══ THE DATA ══

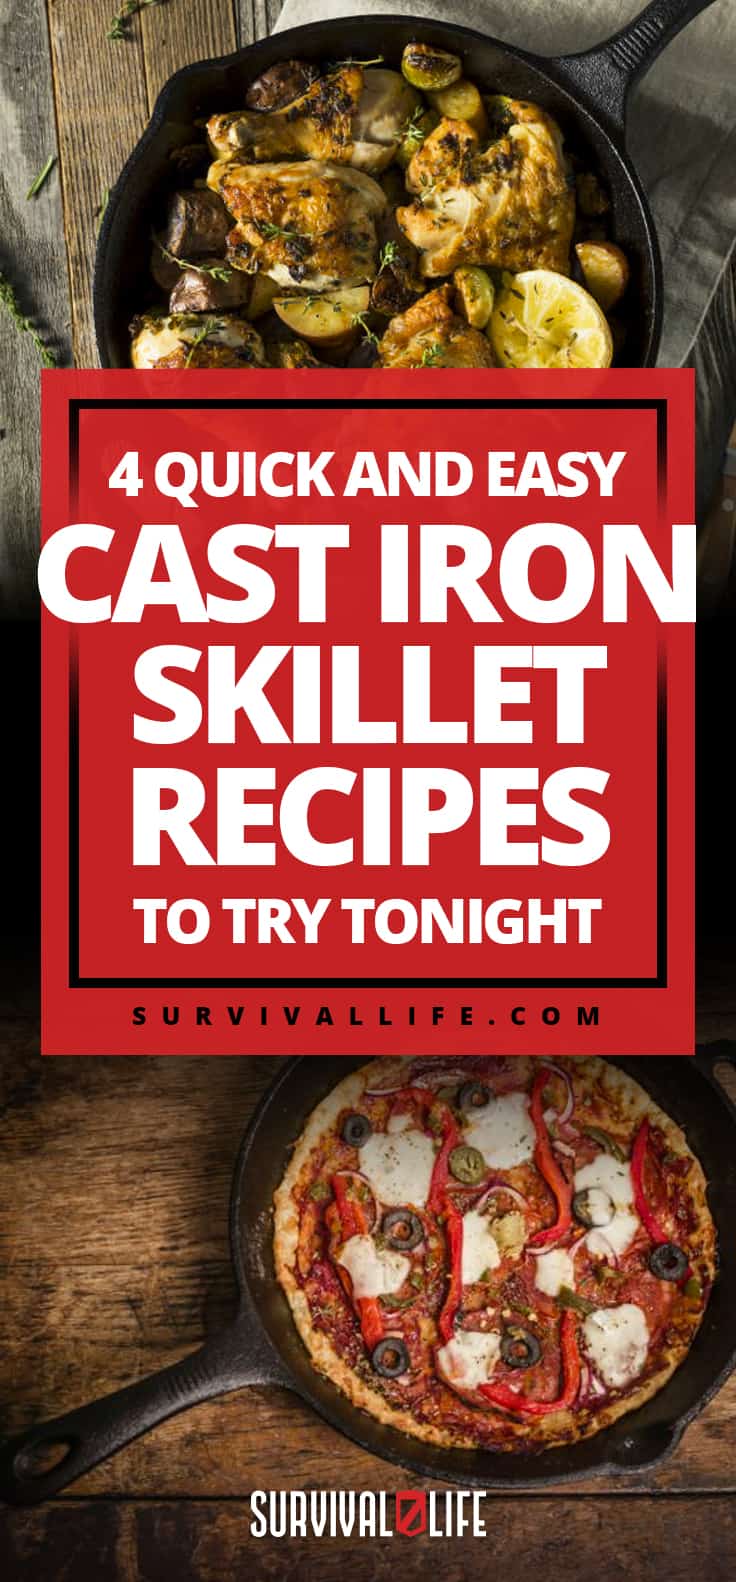 4 Quick and Easy Cast Iron Skillet Recipes To Try Tonight
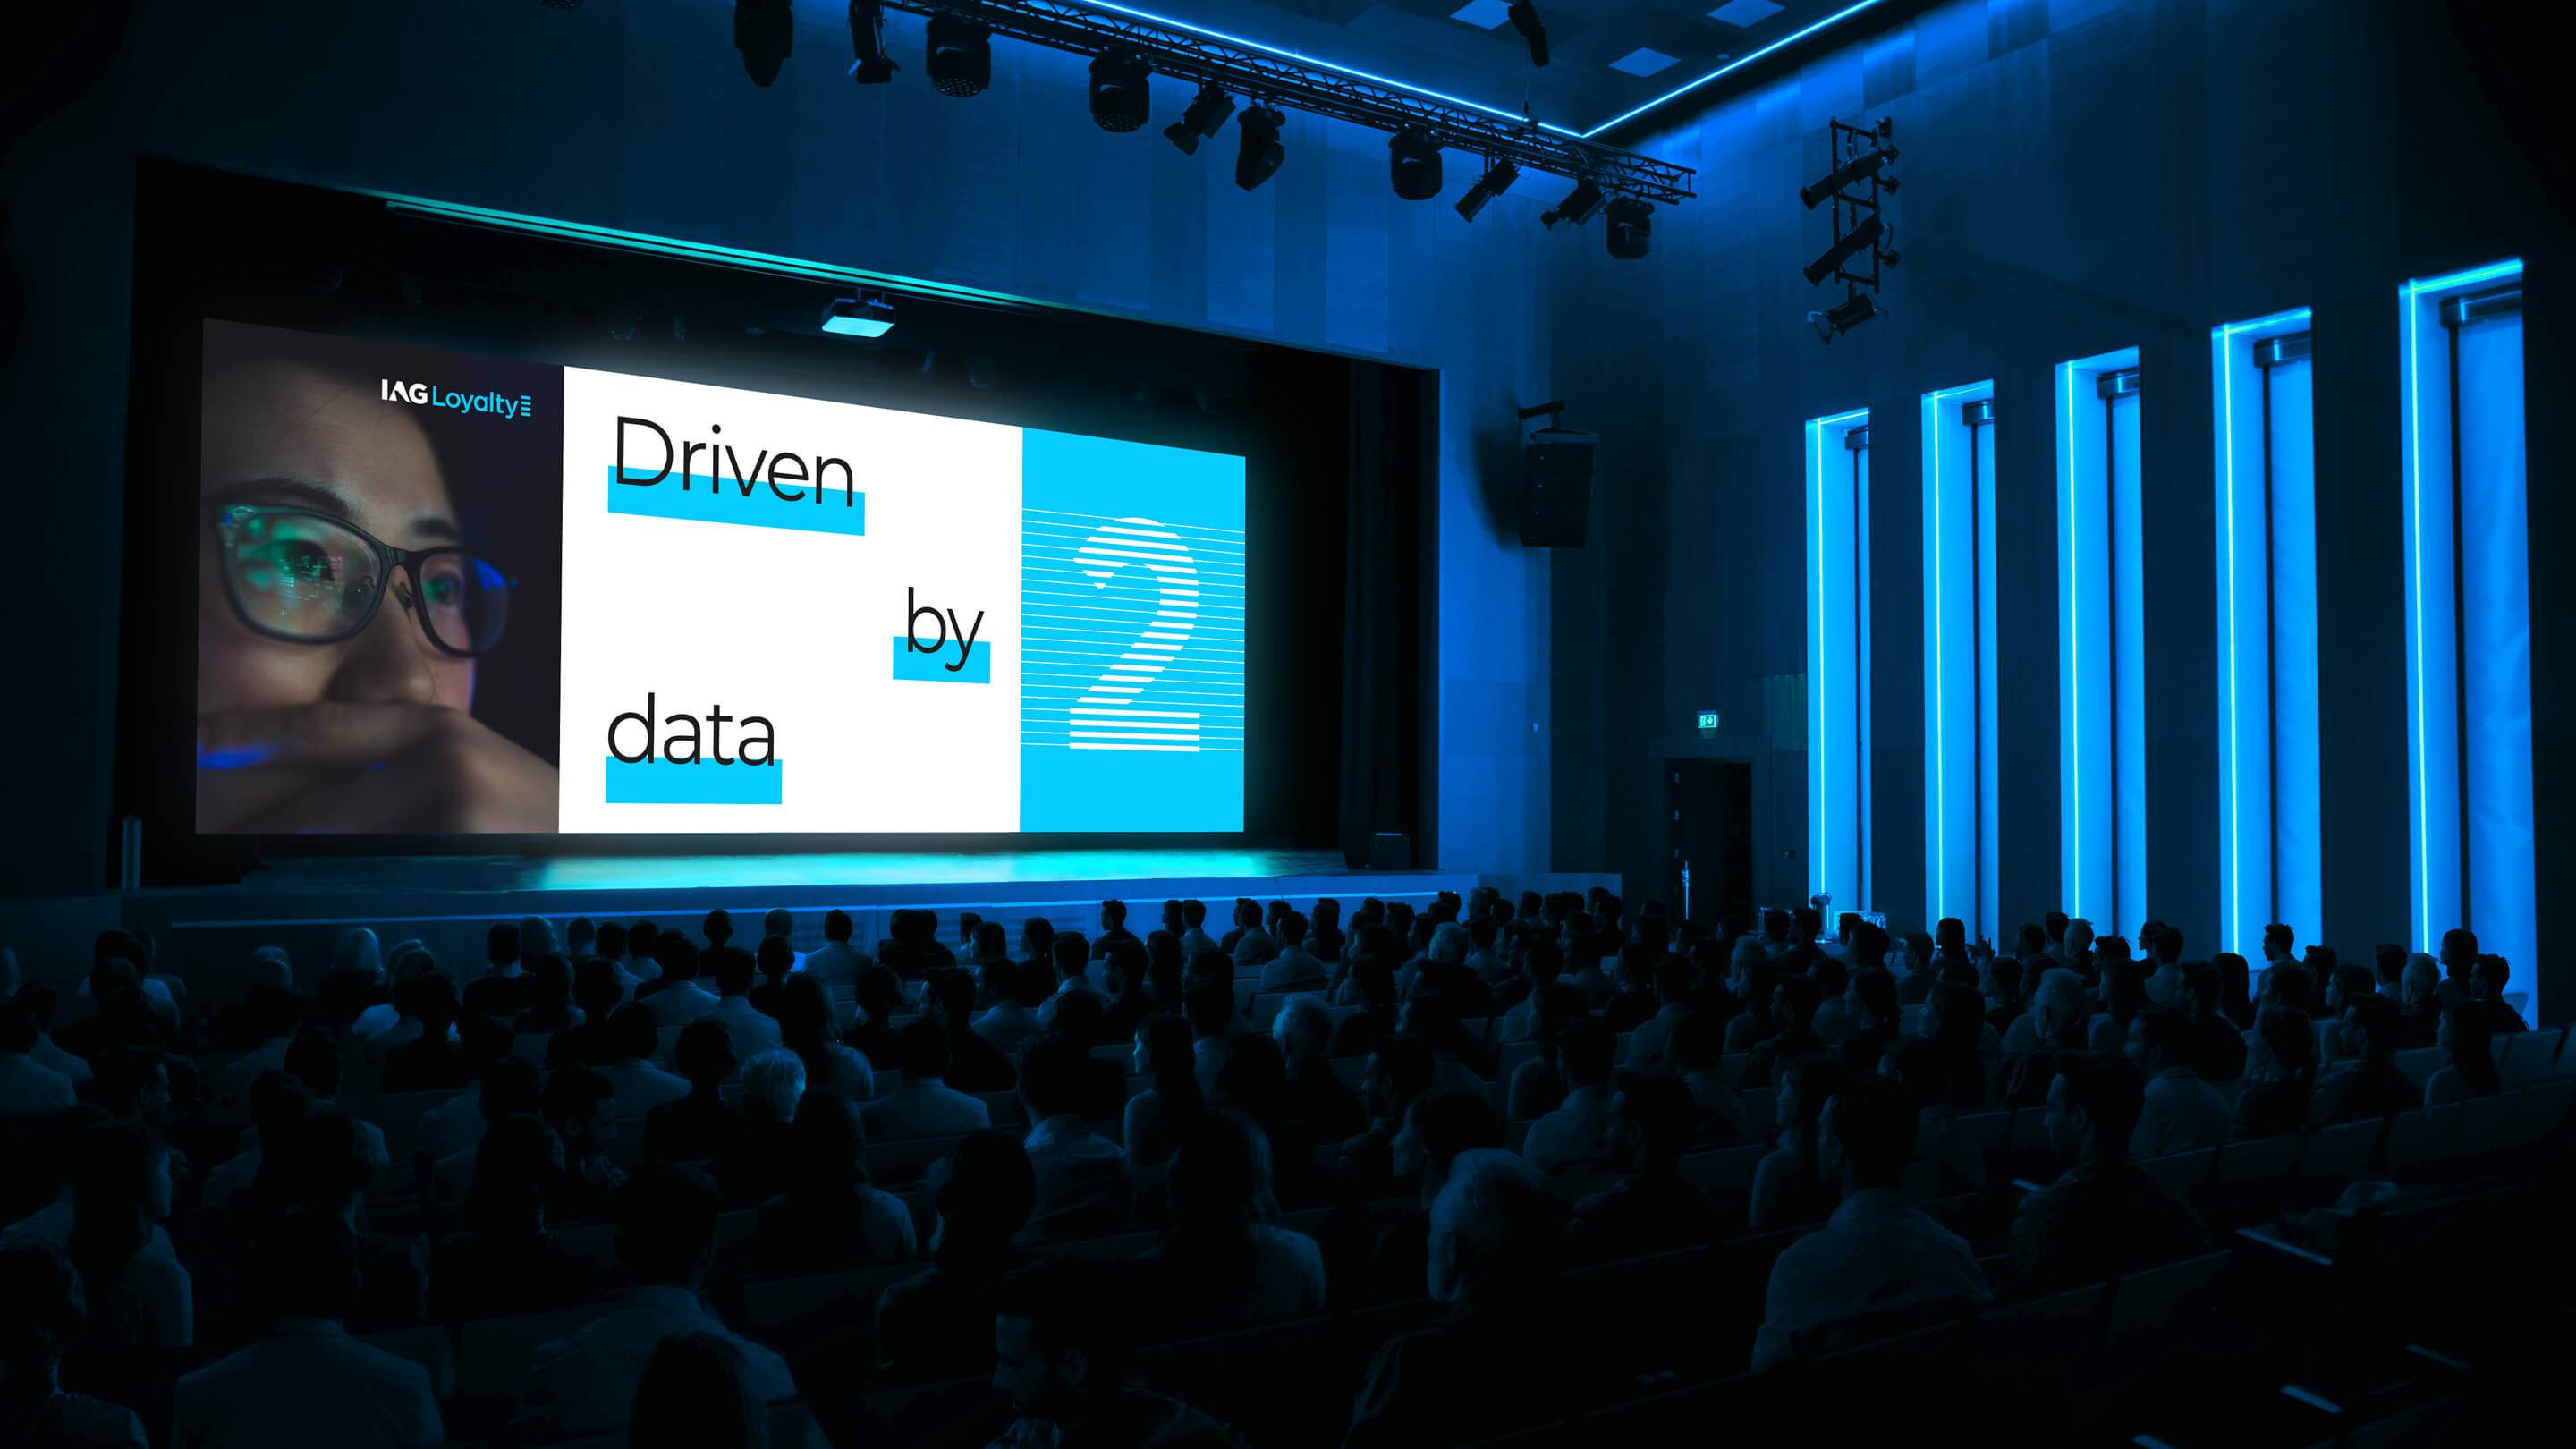 The words 'Driven by data' being displayed at what looks like a presentation at a large event.
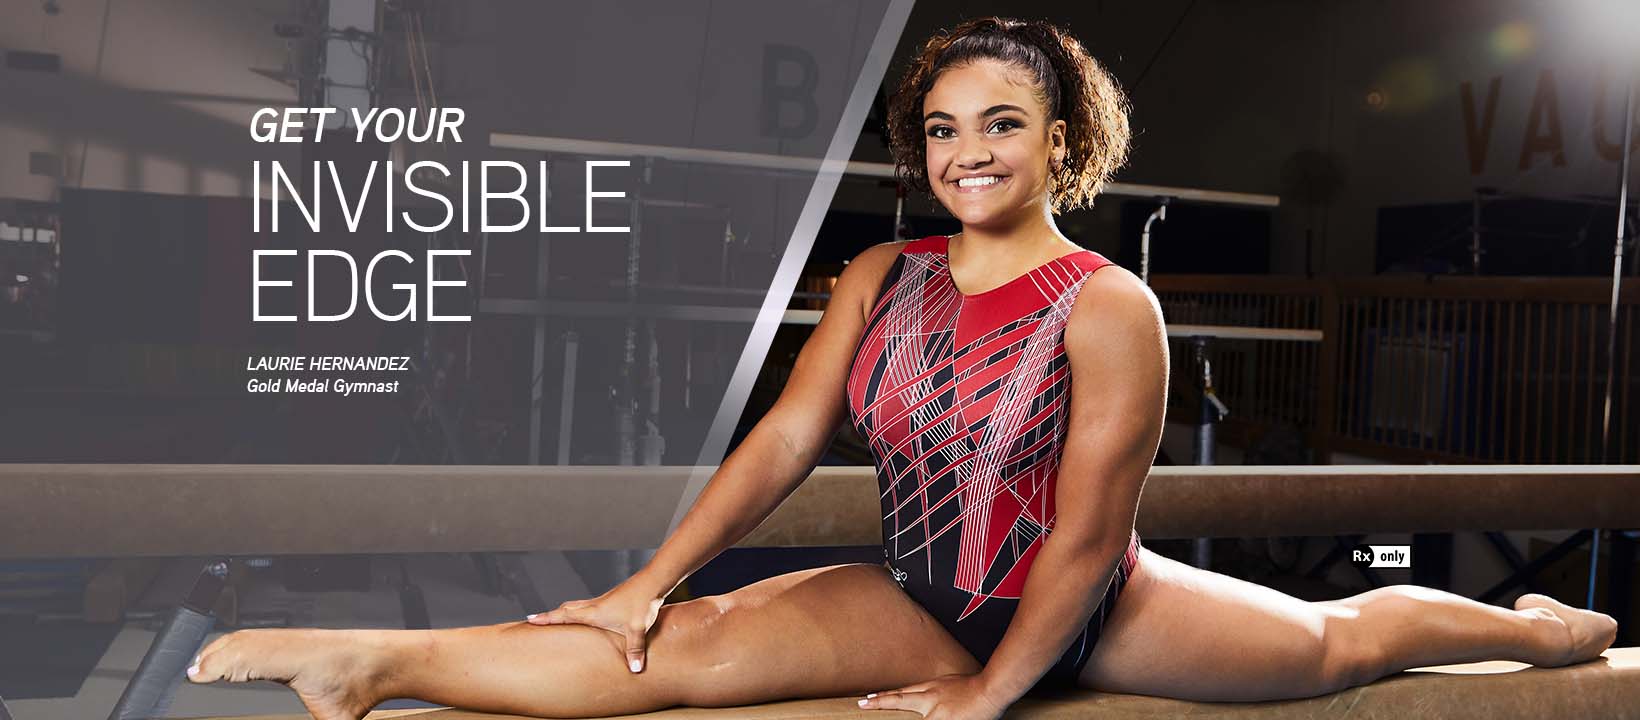 Laurie Hernandez, Olympic Gold- and Silver- Medalist Gymnast.

═══

• WHAT IS NEEDED:
Print all the lines above exactly as they are, but without the pictures.

• SOLUTION TO THIS TASK:
 4 Quick and Easy Cast Iron Skillet Recipes To Try Tonight
 The words 'Driven by data' being displayed at what looks like a presentation at a large event.
 Laurie Hernandez, Olympic Gold- and Silver- Medalist Gymnast.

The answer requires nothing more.